In order to continue I would like to know your general level of experience with windows (1 - 10 highest) and your knowledge of DOS or DOS/tree-like structures - e.g., folders\sub-folders\files = \directory\sub-directory\files (1 - 10). Another way to help answer - do you know how to manuever around in Windows Explorer (WE)? I ask as this will require the use of a 3rd party utility program similar to WE, but faster and easier.

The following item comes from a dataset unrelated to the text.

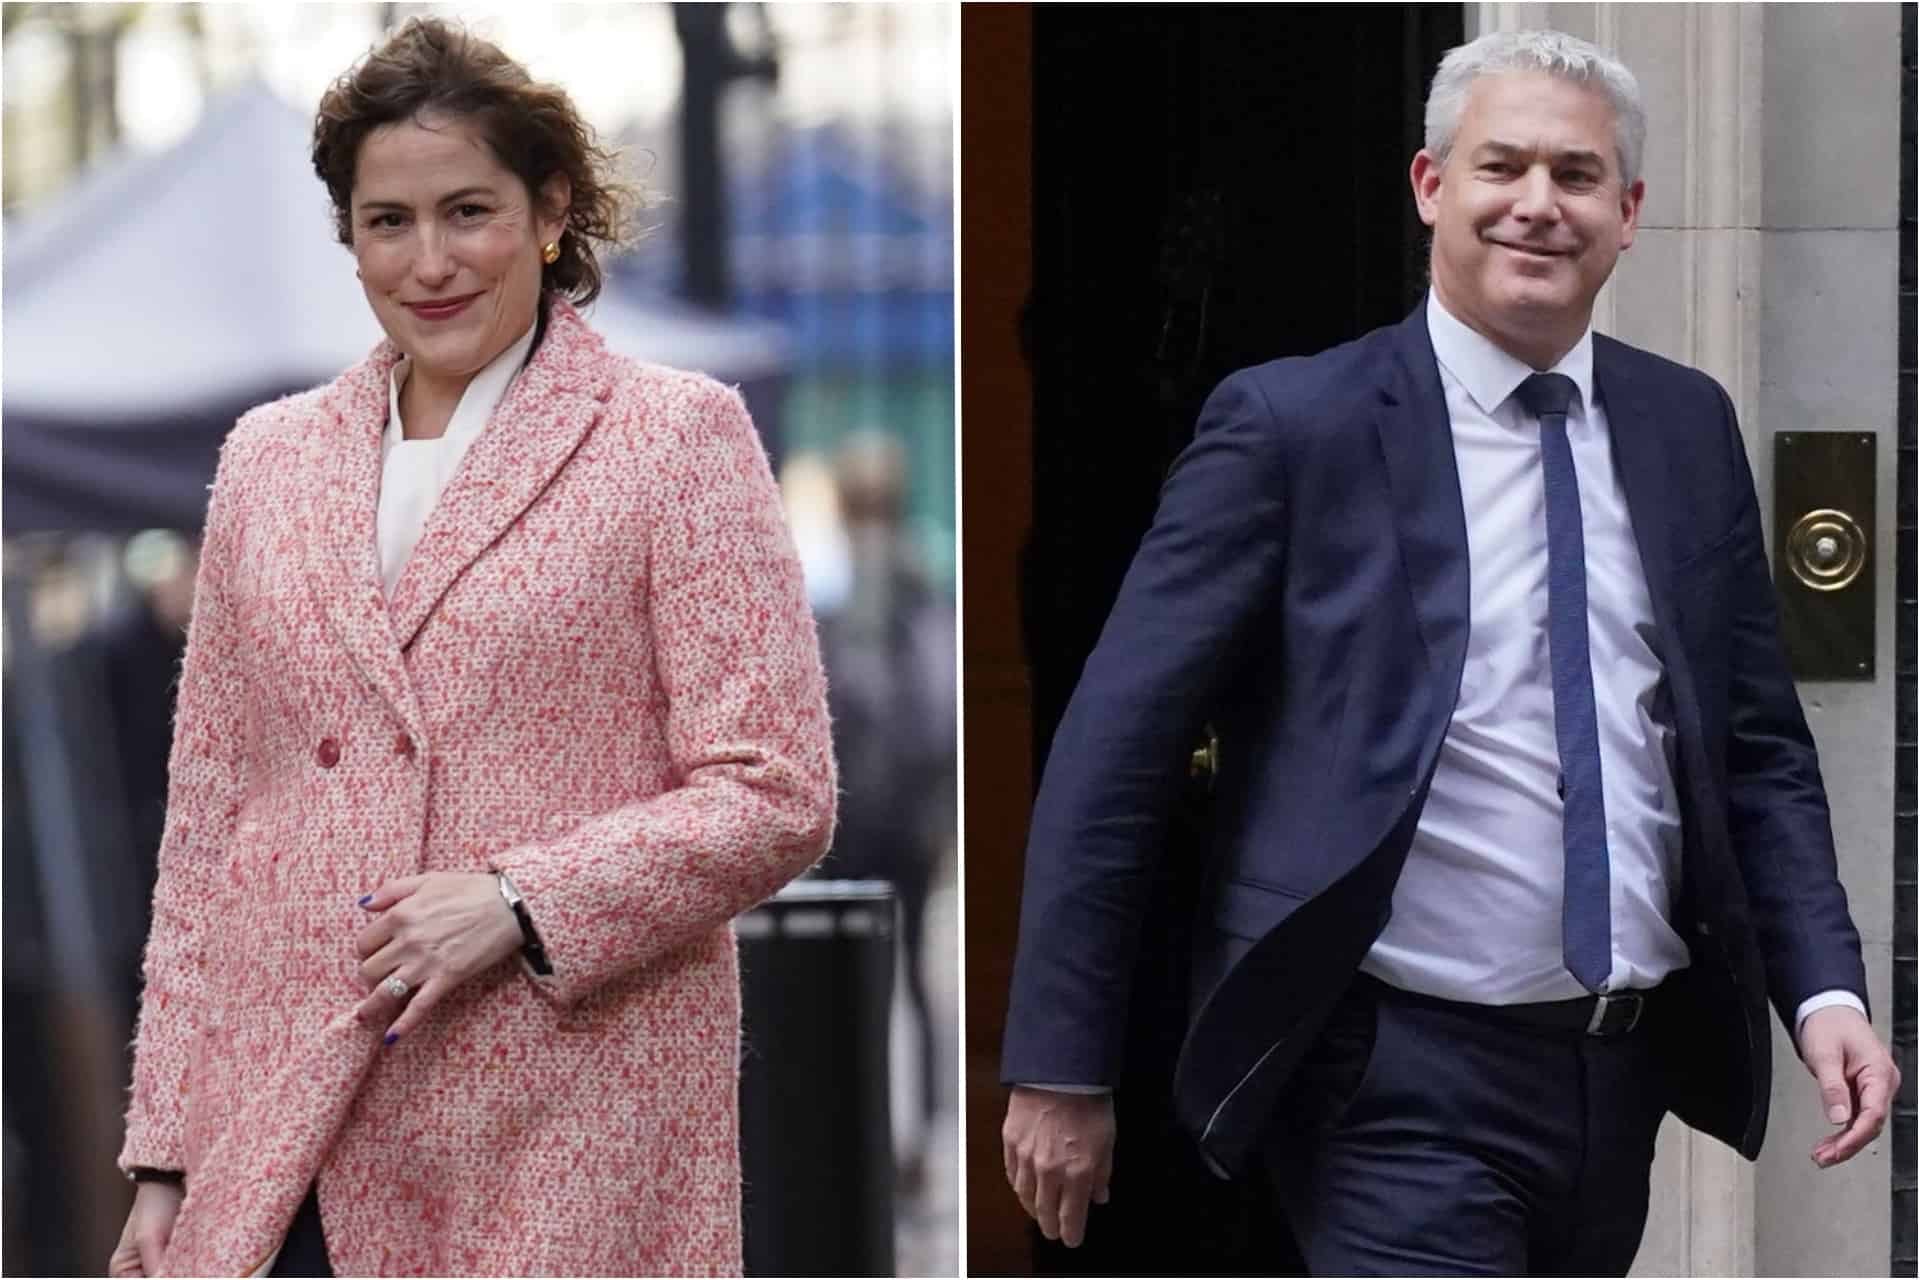 New environment and health chiefs both have connected spouses

Do you recall software with the name of "Destinations"?

Please let me know.

Thanks. . .

jcgriff2





Do these screens look familiar.


----------



## Davidbeck (Feb 19, 2008)

Thanks for all this. I will read and digest it all in the next few days.


----------



## jcgriff2 (Sep 30, 2007)

OK. . let me know.

jcgriff2


----------



## Davidbeck (Feb 19, 2008)

I have now discovered that by closing and disabling the windows side-bar, the problem is resolved. don't ask me how or why! But it may give you a clue about where to start looking to solve your problem. It looks like a compatilbiltiy issue.

good luck, David


----------



## JoeKraynak (Apr 19, 2008)

A tech support person at Dell helped me fix this same problem on my computer by re-registering the sidebar .dll files:

1. Click Start, All Programs, Accessories.
2. Right-click Command Prompt and click Run As Administrator.
3. Type cd \Program Files\Windows Sidebar and press Enter.
4. Type regsvr32 -u sbdrop.dll and press Enter.
5. Type regsvr32 -u wlsrvc.dll and press Enter.
6. Type regsvr32 sbdrop.dll and press Enter.
7. Type regsvr32 wlsrvc.dll and press Enter.
8. Restart Windows.
9. Run the Windows Sidebar (Start, All Programs, Accessories, Windows Sidebar).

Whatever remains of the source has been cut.